Другим хирургом, оказавшим большое влияние на Ридли во время его работы в глазном отделении больницы Сент-Томаса, был Джеффри Дойн. Отец Дойна, Роберт, был открывателем Doyne’s honeycomb retinal dystrophy (Malattia Leventinese) и основателем Оксфордского конгресса. Дойн, работавший как в клинике Св. Томаса, так и в Мурфилдсе, зная способности Ридли, порекомендовал его на должность регистратора в клинику Мурфилдса. Таким образом, Ридли с самого начала своей карьеры работал с лучшими глазными хирургами Лондона, набираясь знаний от каждого из них. Дойн взял Ридли в оборот и стал для него вторым отцом, помогая и советом и поощрением. Ридли признаёт роль Дойна в своей жизни: «Я хорошо понимаю, как многим я обязан этому человеку, у которого во всём мире не было ни единого врага. Моё будущее могло быть совсем другим без него и без его мудрого руководства. Он был хорошим офтальмологом, достойно занимавшим должность в Мурфилдсе. Хоть он и не застал признания моих работ, я искренне надеюсь что он с удовольствием помогал мне делать первые шаги в офтальмологии. Бог был настолько благосклонен, что дал мне двух великолепных наставников: один – Хадди – был великолепным учителем, но я считаю, что Джеффри Дойн больше помогал и направлял меня».
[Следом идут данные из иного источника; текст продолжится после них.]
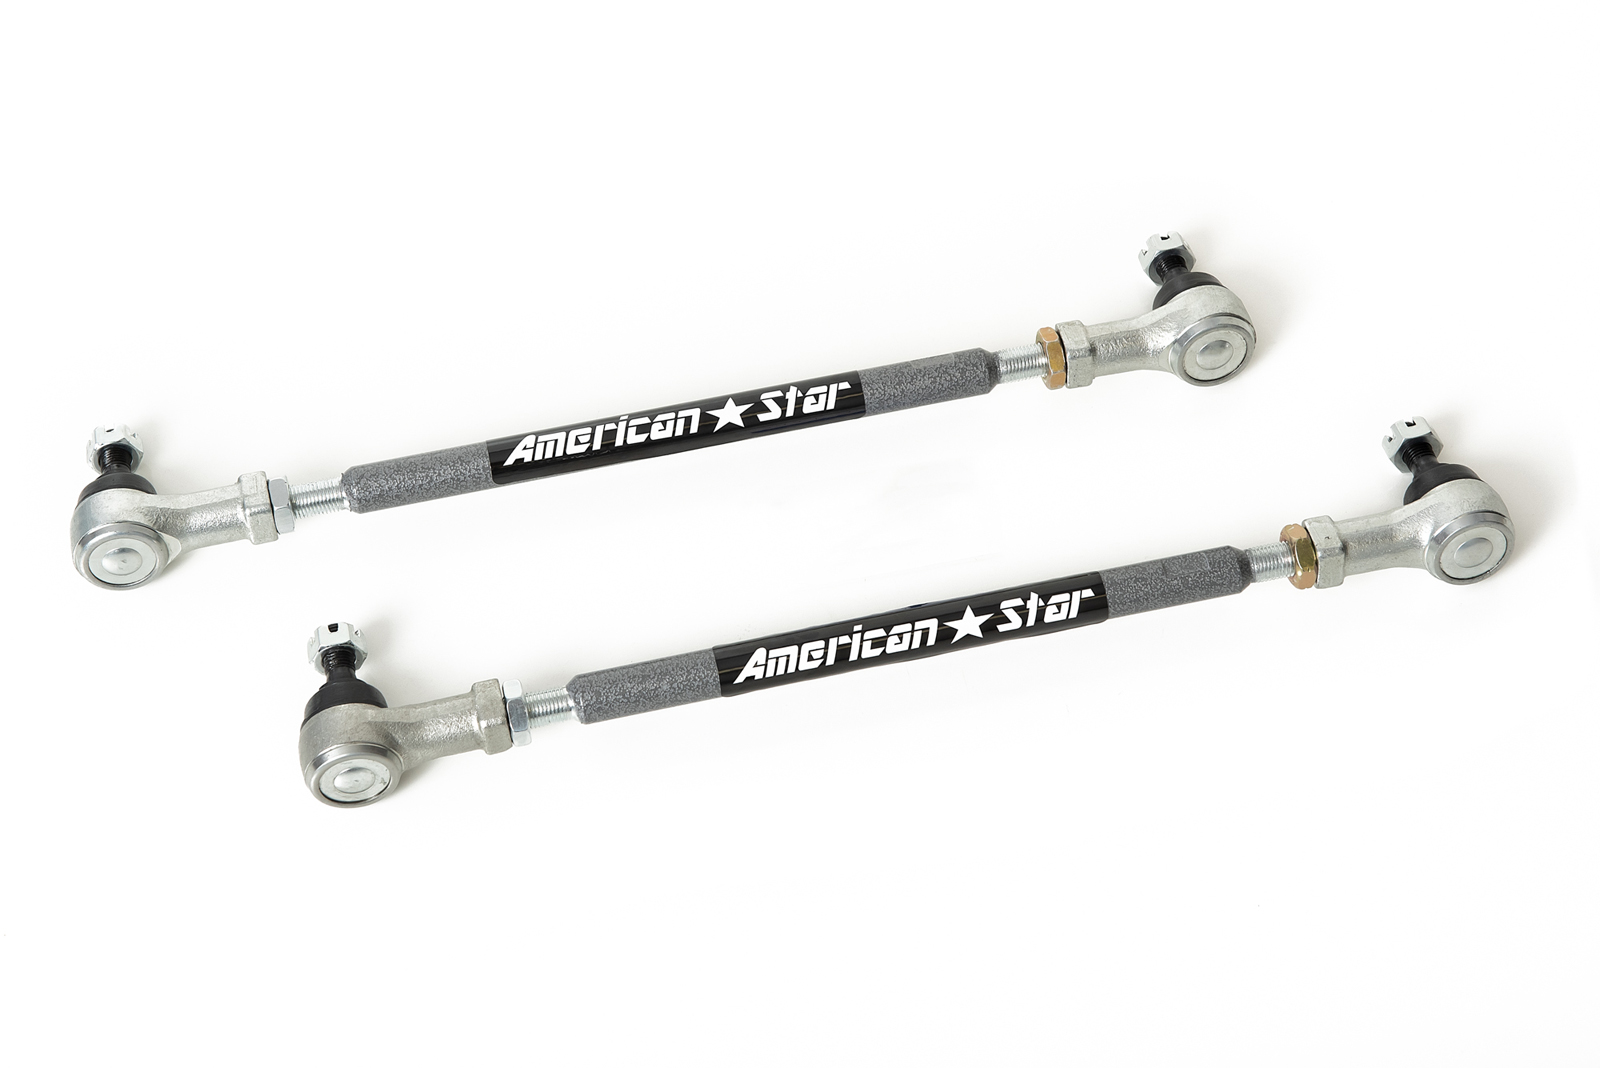 American Star MX Pro Tie Rods and Ends for 1995-2005 Yamaha Wolverine 350 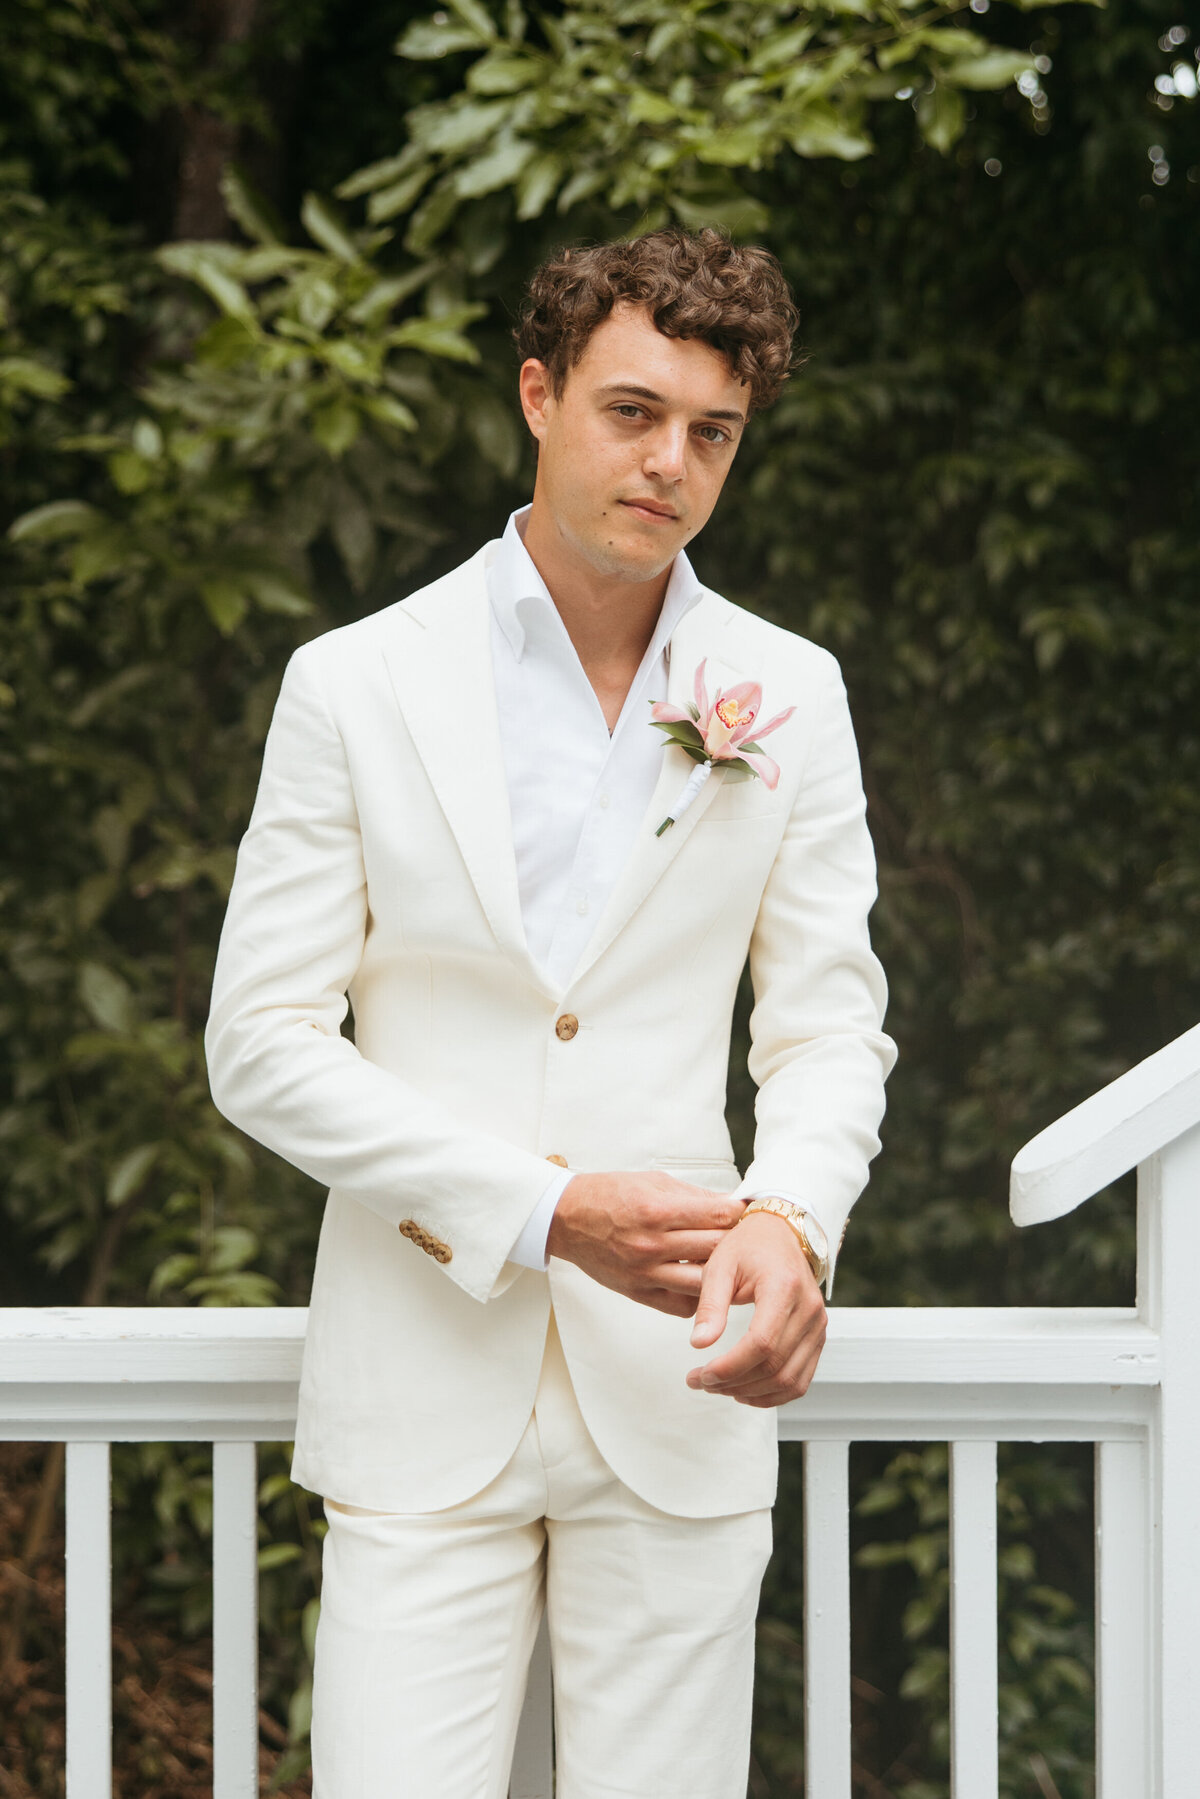 Groom in a white suit adjusting his jacket, looking directly at the camera

Окончив обучение, Ридли временно работал надомным хирургом и анестезиологом в Королевском Лазарете г. Дерби, и памятуя совет своего отца посмотреть мир до того как рутина затянет в свои сети находил должности корабельных хирургов. В течение 1933…1934гг. он успел несколько месяцев отслужить на Балтике, и четыре месяца в Японском море, повторив путь отца, который служил там же в 1884…1885гг. После этих приключений он жаждал полезной работы, и по рекомендации Дойна очень удачно получил полуторагодичную стажировку в ординатуре офтальмологии Мурфилдса в 1934…1935гг. О ней Ридли писал:
«В тридцатых годах двадцатого века условия в больницах стали лучше, чем сто лет назад, к тому же появились местная анестезия и общий наркоз. В больнице была одна операционная, оборудованная одним операционным столом – шедевром столярного мастерства. Читателю такое описание может показаться невероятным, однако заражения были редкостью, если не учитывать травмы глазниц. Шокирующим открытием стало то, что техника оперирования была гораздо ниже стандартов Хадди в Сент-Томасе. Это было эхом Первой Мировой войны: она унесла поколение офтальмологов, как немецких, так и союзных стран. Из-за этого молодые врачи не получили достойного образования. Некоторых брали на должности в больницу даже без надомной хирургической практики. Хотите верьте, хотите нет, но на момент моего зачисления из двенадцати штатных хирургов Мурфилдса через неё прошли только двое. Если считать Хадди – трое. Я был первый из нового поколения офтальмохирургов, и мне был дан шанс собрать лучшие приёмы работы старших товарищей и довести технику до стандартов того времени. Я оперировал больше чем кто-либо из моих предшественников и даже кое-что советовал моим старшим коллегам.»
Ридли провёл 109 экстракций катаракты за 12 месяцев хирургии. В это время среднее число пациентов, которых он вёл, было от 30 до 40. На технику его операций в это время повлияла Венская школа офтальмологии – по завершении обучения в 1935г. он порядка месяца путешествовал по Вене, Мюнхену и Будапешту и был очень впечатлён «всеобщим великолепием офтальмологии континентальной Европы». Единственной техникой, которую использовал Ридли в эти 12 месяцев, была интракапсулярная экстракция катаракты (ICCE), и хотя ему не было разрешено использовать экстракапсулярную экстракцию (ECCE) до тех пор пока он не стал консультантом, уже в ту раннюю пору он признавал её преимущества и безопасность.
По воле случая ECCE оказалась наиболее подходящей техникой для имплантации будущего изобретения Ридли – интраокулярной линзы (ИОЛ).